Saturday, December 15, 2007

Looking ahead to the future at Fairview

The Port Corporation has a four year timeline to have Phase Two of the Fairview Container Port up and operating, a timeline that is a little longer than they first anticipated owing to the fact that they will have to expand the facilities while the port is in active operation.

Don Krusel, the president and CEO outlined some of the factors involved in the development of Phase Two, including the current slowdown of goods moved through West Coast ports. Which Krusel said showed signs of slowing in the third quarter of 2007.

That is a situation that in part is due to a slowing American economy, which some expect will be in a recessionary phase in the new year. Since the movement of many of the goods through Prince Rupert has a destination of Mid America, that could very well result in a change of the timeline of development. How a lengthy slowdown of the American economy and the subsequent decline in imports might impact on the future plans of development is one of the unknowns at this time.

There was much to discover from Friday's front page story in the Daily News, where the blueprint for future expansion was outlined.

Construction will have to take place without impacting existing operations
By Leanne Ritchie
The Daily News
Friday, December 14, 2007
Pages one and three

With Phase One of the Fairview Container Terminal in operation, the Port of Prince Rupert has a four-year timeline for the construction of Phase Two of the development.

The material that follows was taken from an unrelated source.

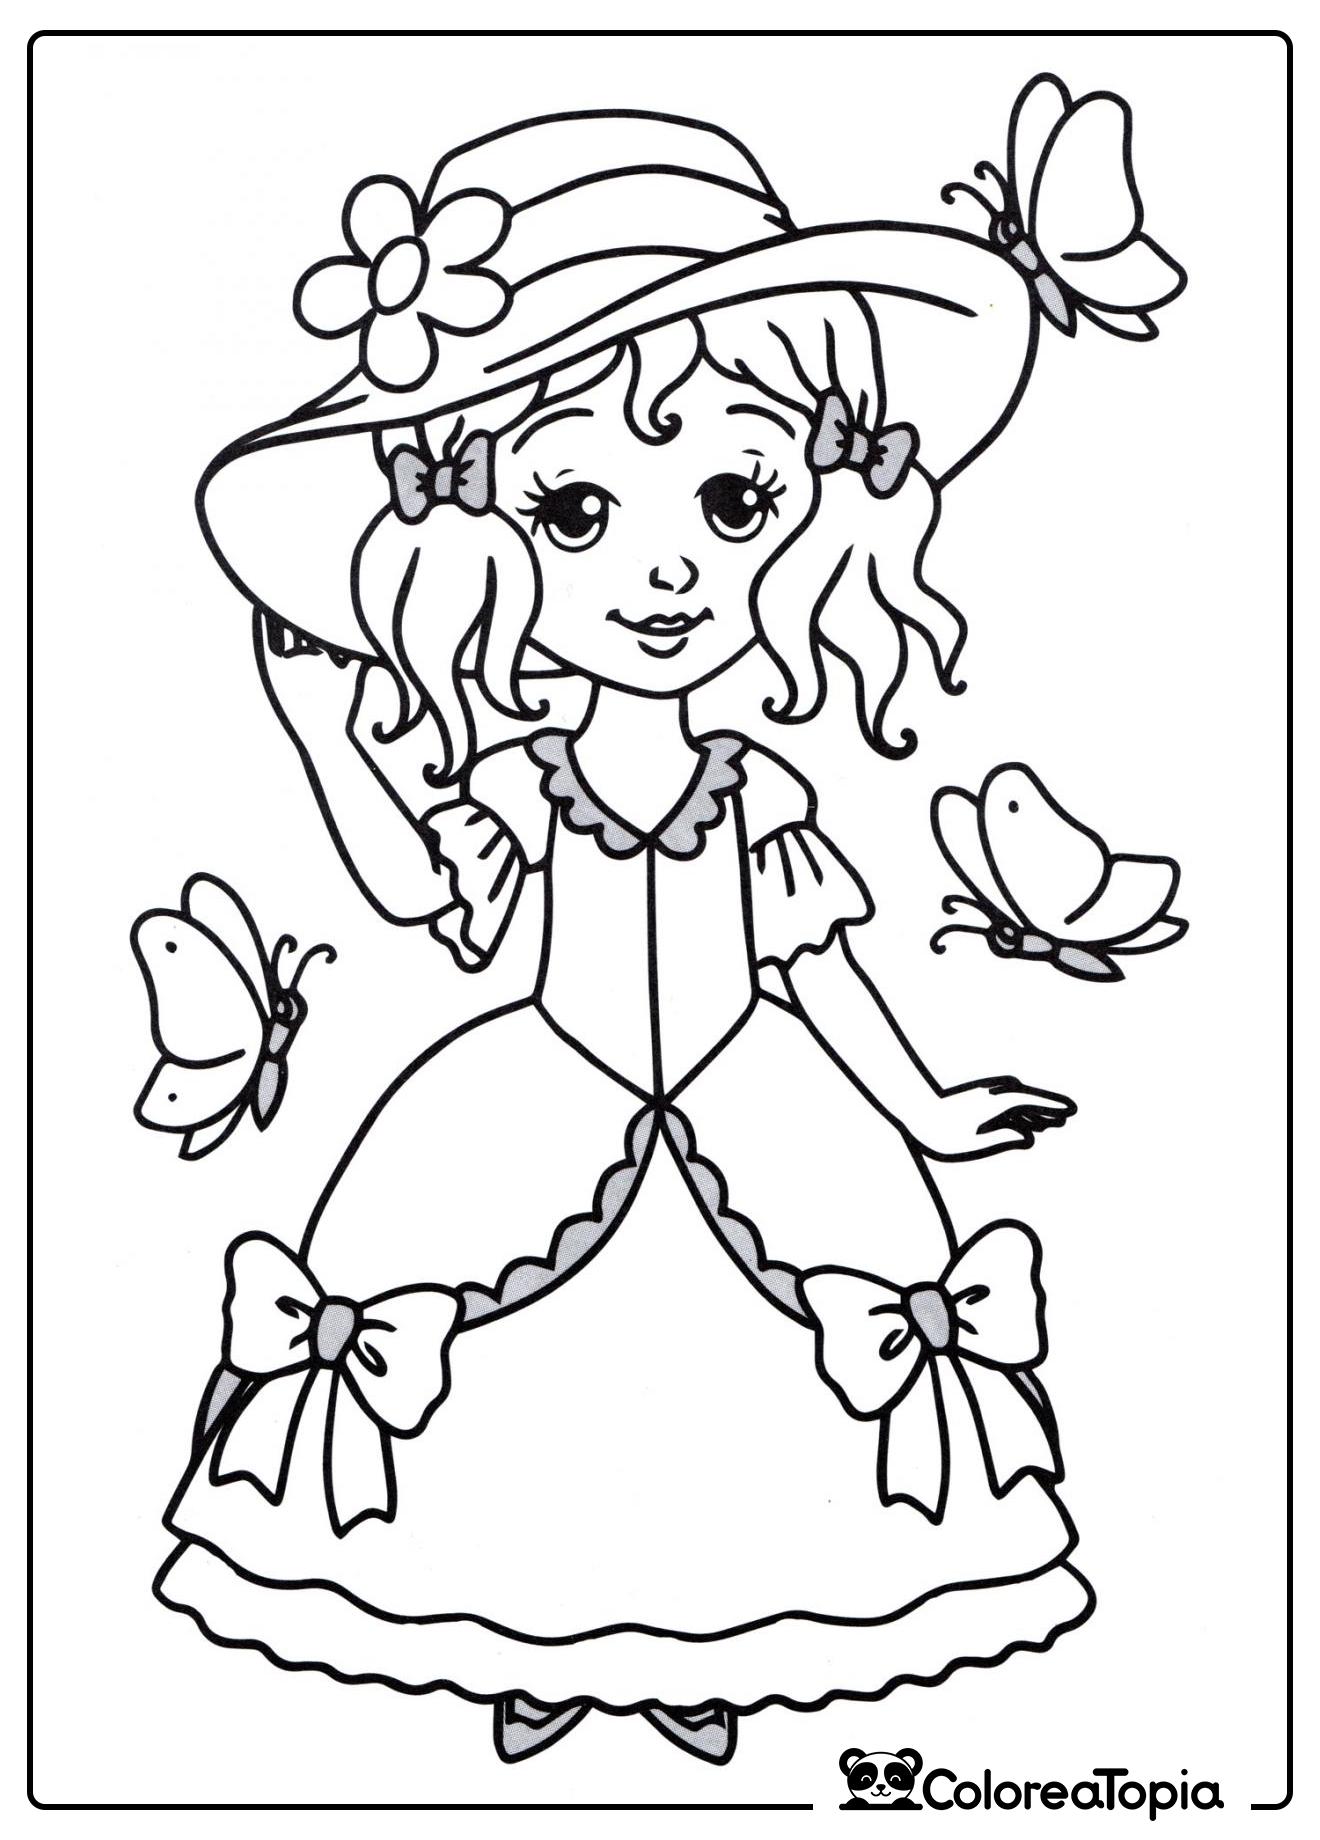 Princesa con sombrero - dibujo para colorear

Phase Two is currently scheduled to open in 2012.

Don Krusel, president and CEO of the Prince Rupert Port Authority, said the port extended the timeline in 2007 in order to realistically accommodate the construction that will need to take place around the operational Phase One terminal.

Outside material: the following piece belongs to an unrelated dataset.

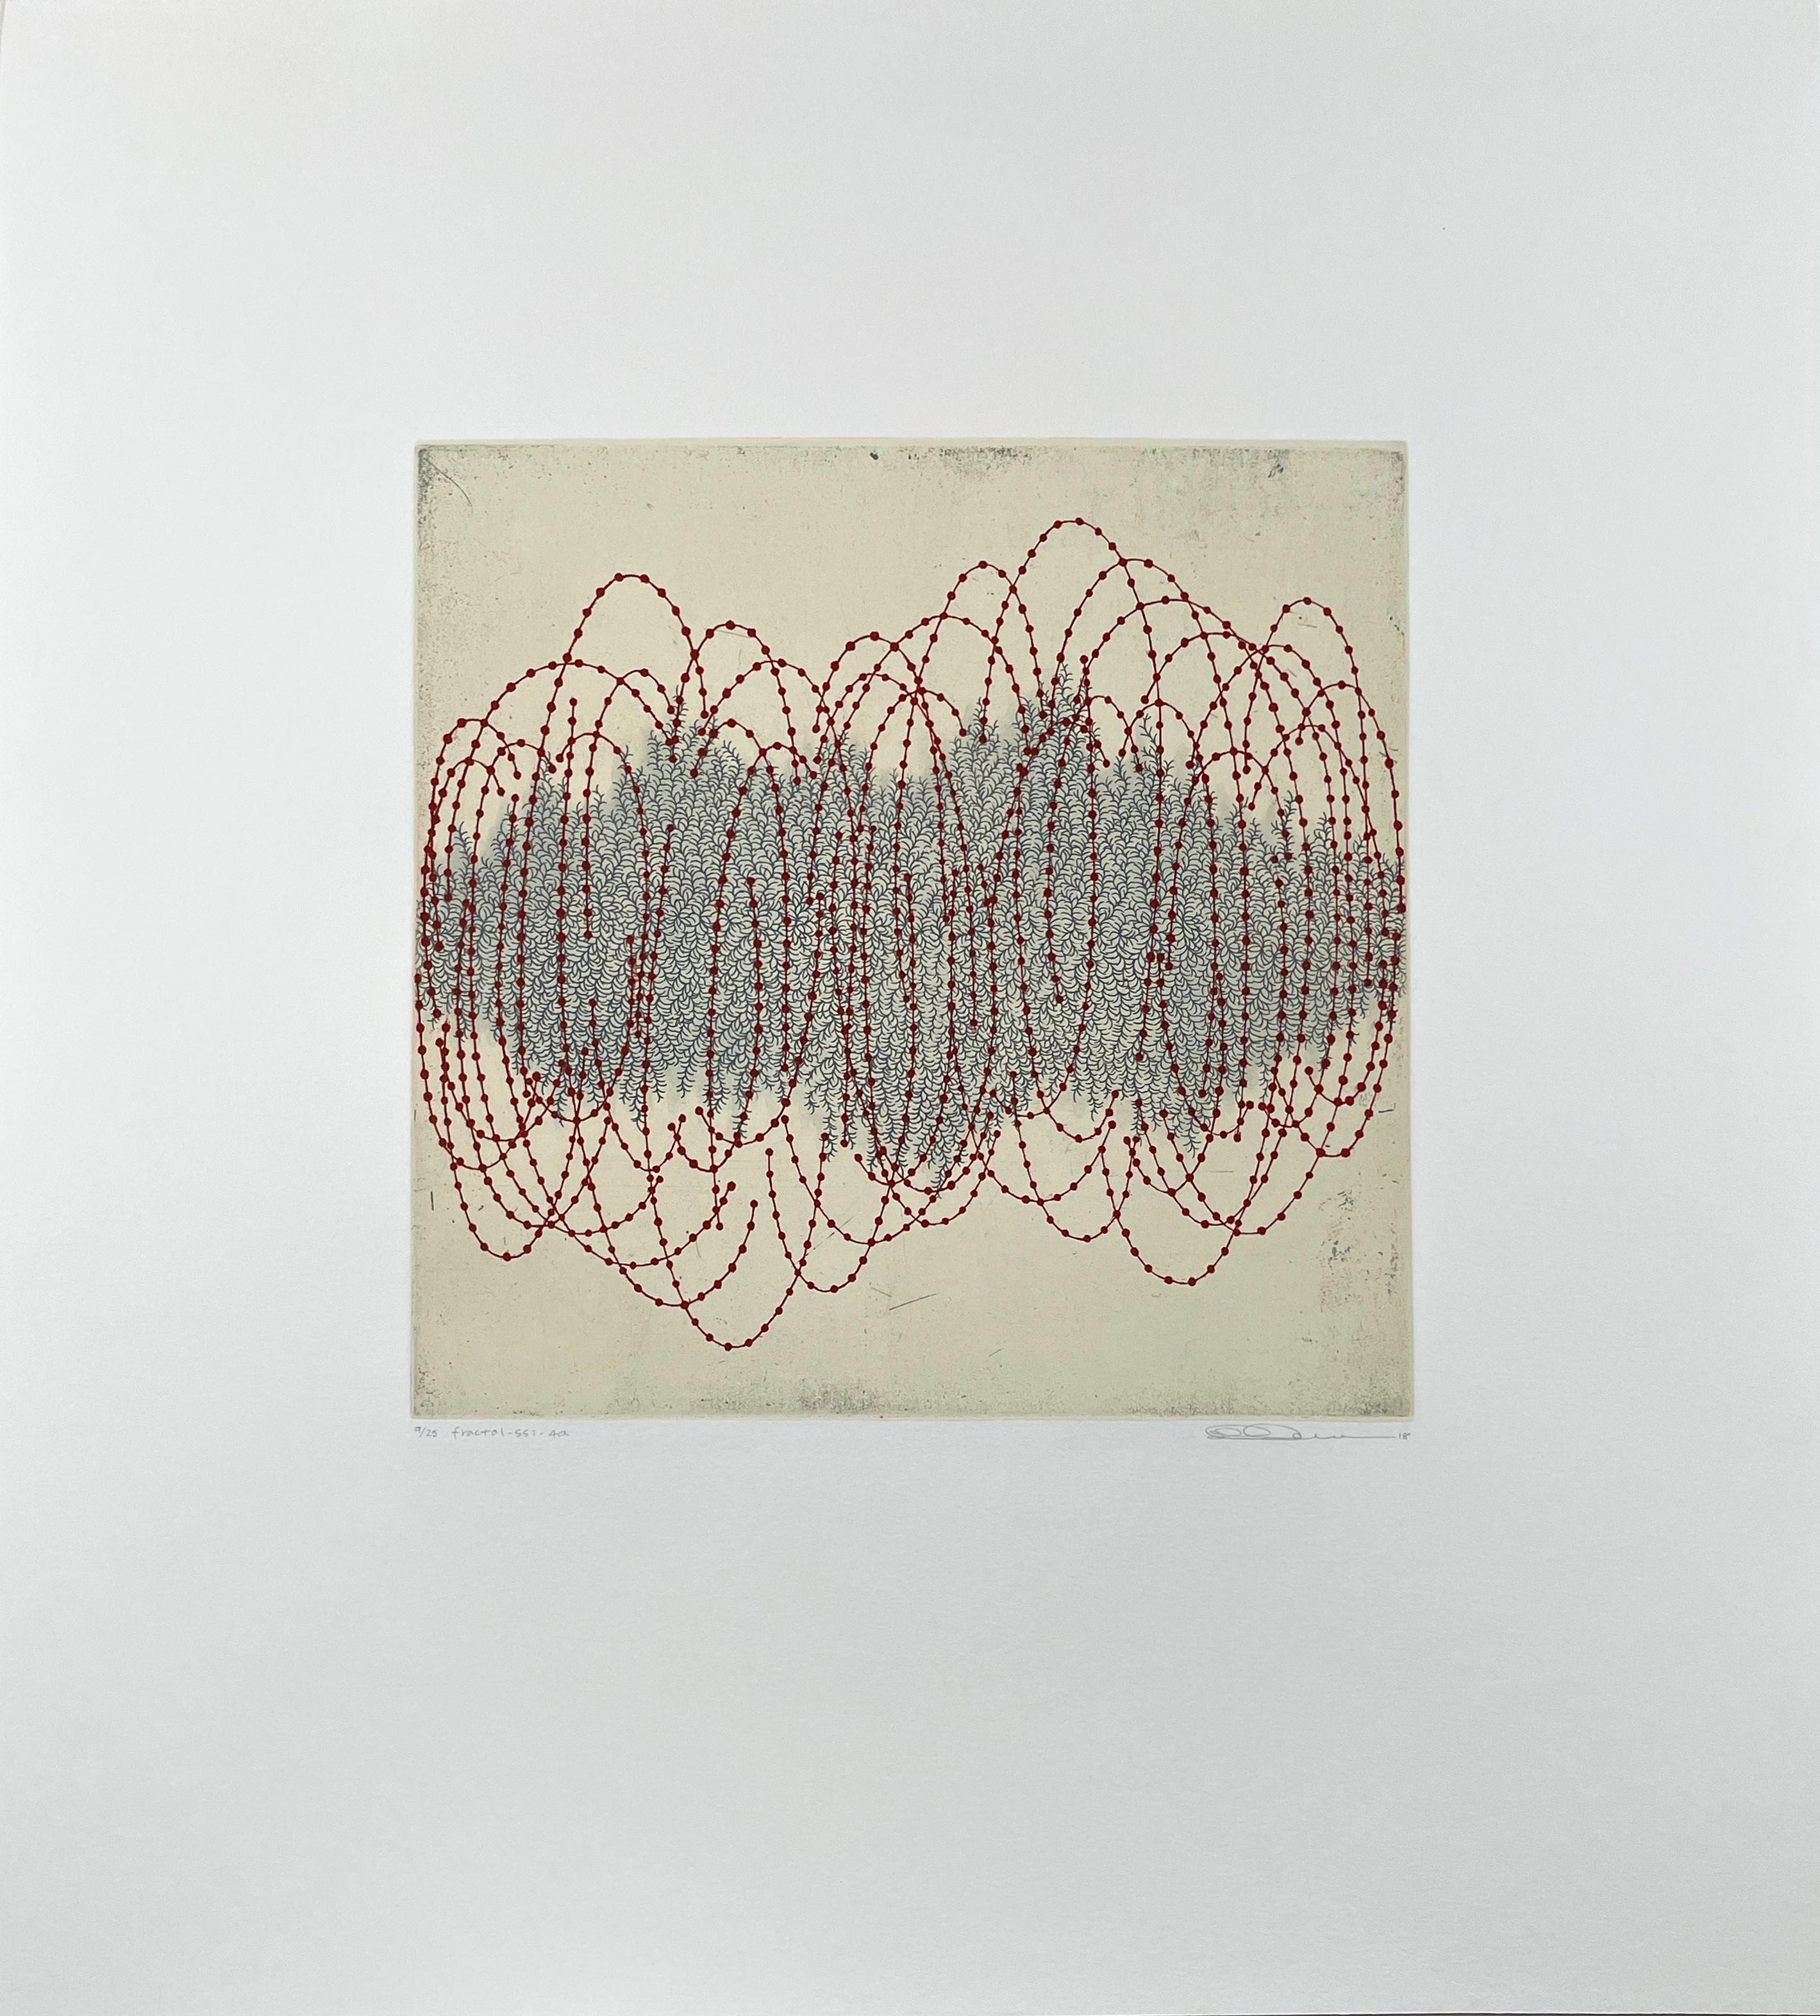 fractal-ssi-4a - Print by Seiko Tachibana

“The construction timeline is going to take longer. We originally anticipated the construction would be on a two-year time frame, but it’s going to be three years,” said Krusel. “One reason it is going to take longer is because we will be building around an operating terminal. They have to factor in coordination with existing operation.”

For example dynamite blasting will only be able to take place during certain windows, when the Phase One operation is not in use.

The port is hoping to have construction on Phase Two underway during 2008 and still considers its timeline to be “quite aggressive”.

However, they recognize it is not as fast as some would like.

“If we go back and look at the most recent projections and goals that have been established by the Pacific Gateway initiative, we recognize that it is not fast enough in the sense that traffic is expected to build a lot faster and we would like to build faster,” said Krusel.

Having said that, in the third quarter of 2007, there has been a slowdown in the growth level of container traffic on the West Coast of North America.

“The real question in the industry right now is “is this a short-term pause while the market catches its breath or is this thing more long-term.” That will really depend on the U. S. economy and what happens there,” said Krusel.

“If this is a short term pause… then there is not two ways about it, it would be far better for us to have it built sooner rather than 2012. However, if it’s a long term trend, things may be more matched to demand.”

Phase One of the Fairview Container Terminal opened this October. It is located on a former break bulk facility. Operated by Maher Terminals, the facility has the capacity to handle up to 500,000 TEU’s (container units) per year.

Phase Two, which will see the ship berth, yard and rail facility extended away from the city, will see an additional 1.5 million TEU capacity added.

The port submitted its project description for its environmental assessment to the federal government in may of this year and they hope to have that process complete in 2008.

“Mainly because of all the permitting and regulator work that has to be done- the environmental review process and the coordination of a multitude of different agencies- we are recognizing as we go down that road, things will take longer than anticipated,” said Krusel.

Two weeks ago, the port meet with many regulatory agencies involved and toured the site.

Krusel said he believes everyone involved in the assessment is aware of the project’s importance not only at the national level, but to the international shipping community.

“I think everybody sense the need to move forward.”